Option 2: On Local Environment
You can download the released homework from here:
To complete the exercises locally you will have to use the Jupyter Notebook IDE. You can do the assignments using virtual machine. We offer a virtual machine image with all the necessary libraries installed, the image and the instruction can be found here:
(Virtual Box usage is not strictly necessary, completing the assignments on your own Python environment is also doable if you have the experience and knowledge with Jupyter notebook installing PySpark and needed libraries.)

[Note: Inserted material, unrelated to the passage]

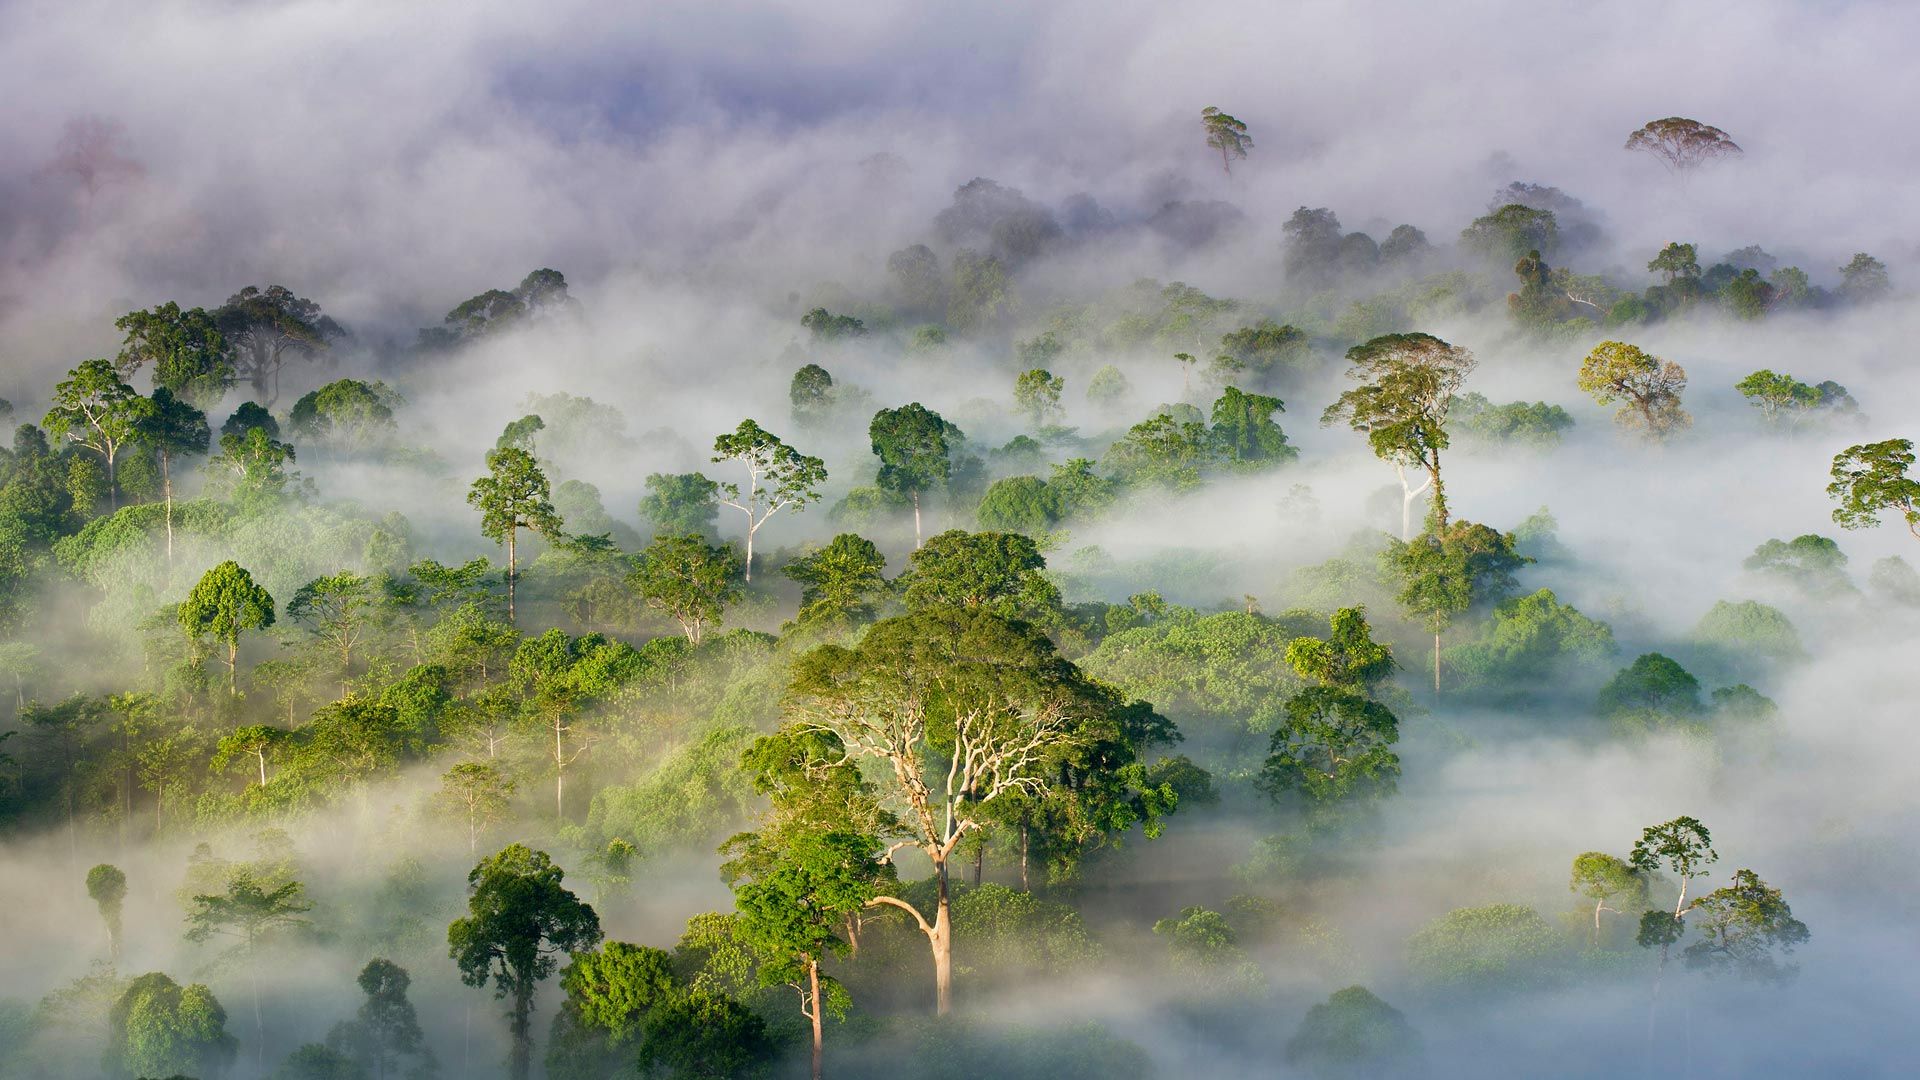 عکس جنگل مه آلود بارانی و گرمسیری با کیفیت 4k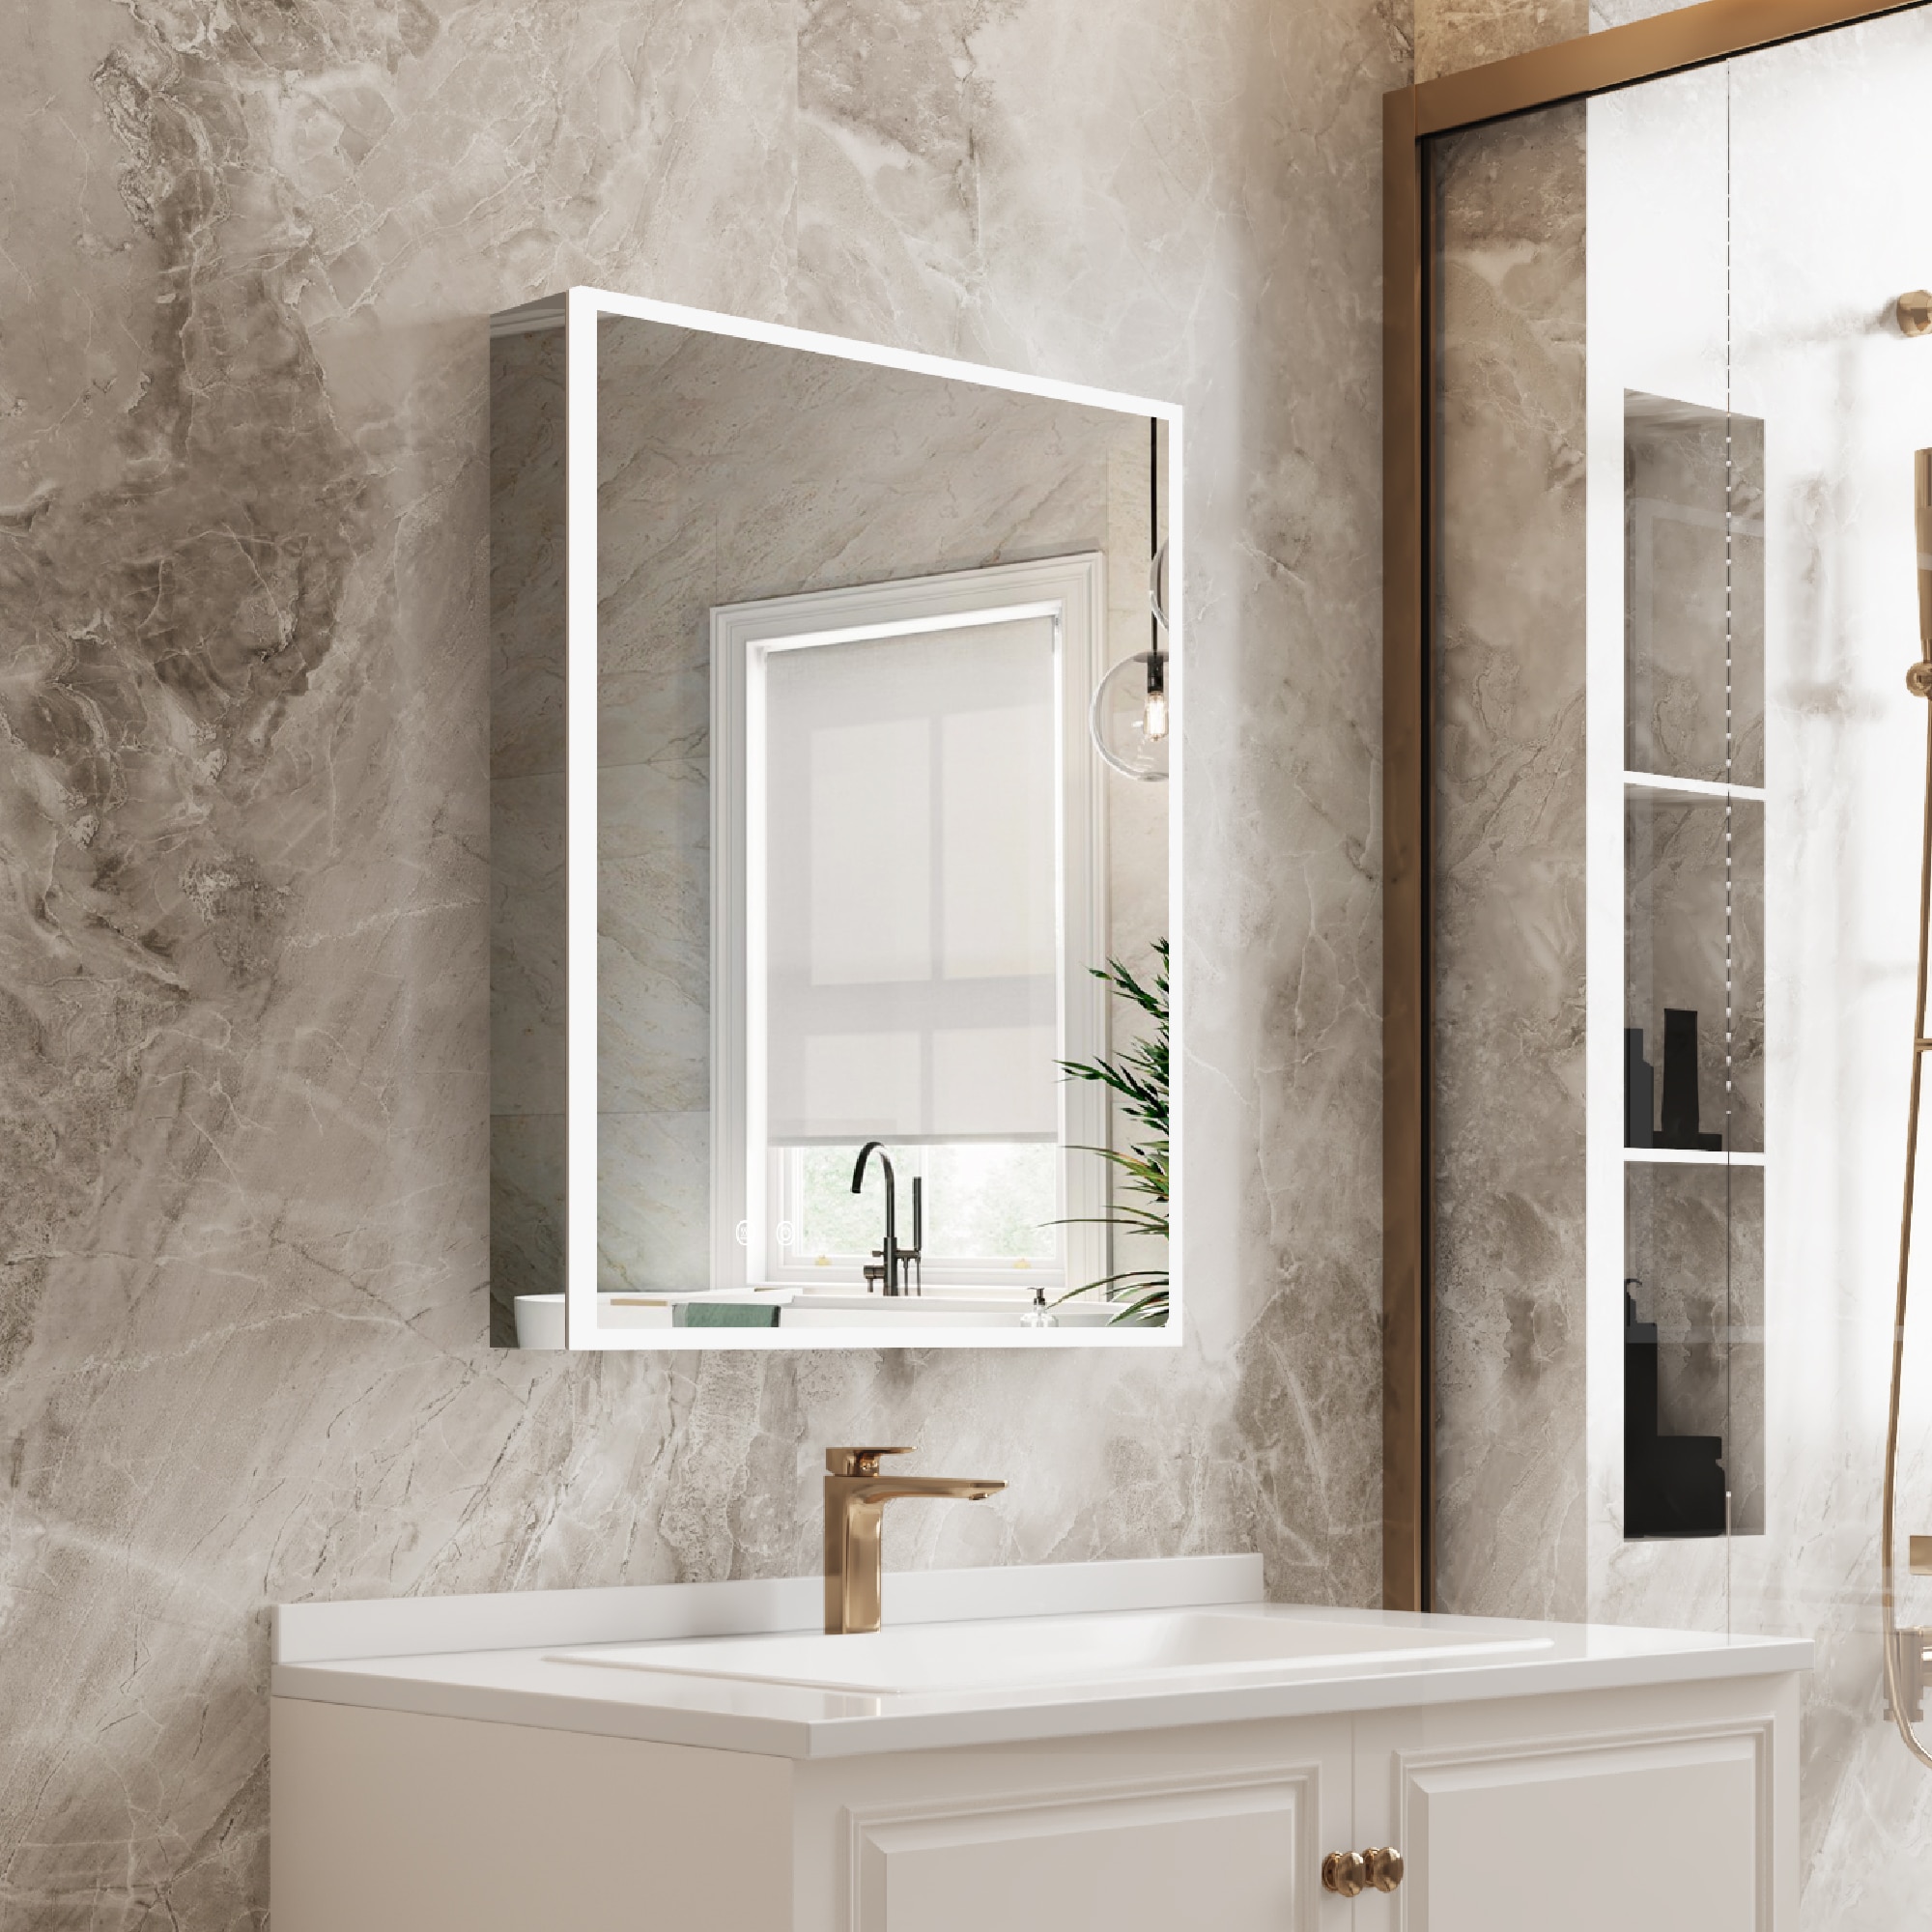 24'' Bathroom Vanity with Top Sink, 2-Tier Modern Bathroom Storage

To submit the assignments, you can use the submission box which is at the bottom of this page. Note the submission box is only visible once you logged in.
Course Telegram Group
The course has a Telegram group for helping fellow students. Lecturer and Course Assistant will periodically also join in the conversation. You can join to the groups through the link:
Passing the Course
You need to pass both the lecture quizzes by 1st of November 2022 and home exercises by their respective deadlines listed above. The grading scale will be as follows. Minimum 50% from both home exercise totals and also minimum 50% from quizzes are needed to pass the course. The Extra round points from home exercises will count towards your home exercise points but will not allow home exercises contribution to go over 100%. After this the percentages obtained from home exercises and quizzes are summed together, each weighted with 50% weight. The final total percentage will give grades as follows: 90%-100%: grade 5, 80%-89%: grade 4, 70%-79%: grade 3, 60%-69%: grade 2, 50%-59%: grade 1.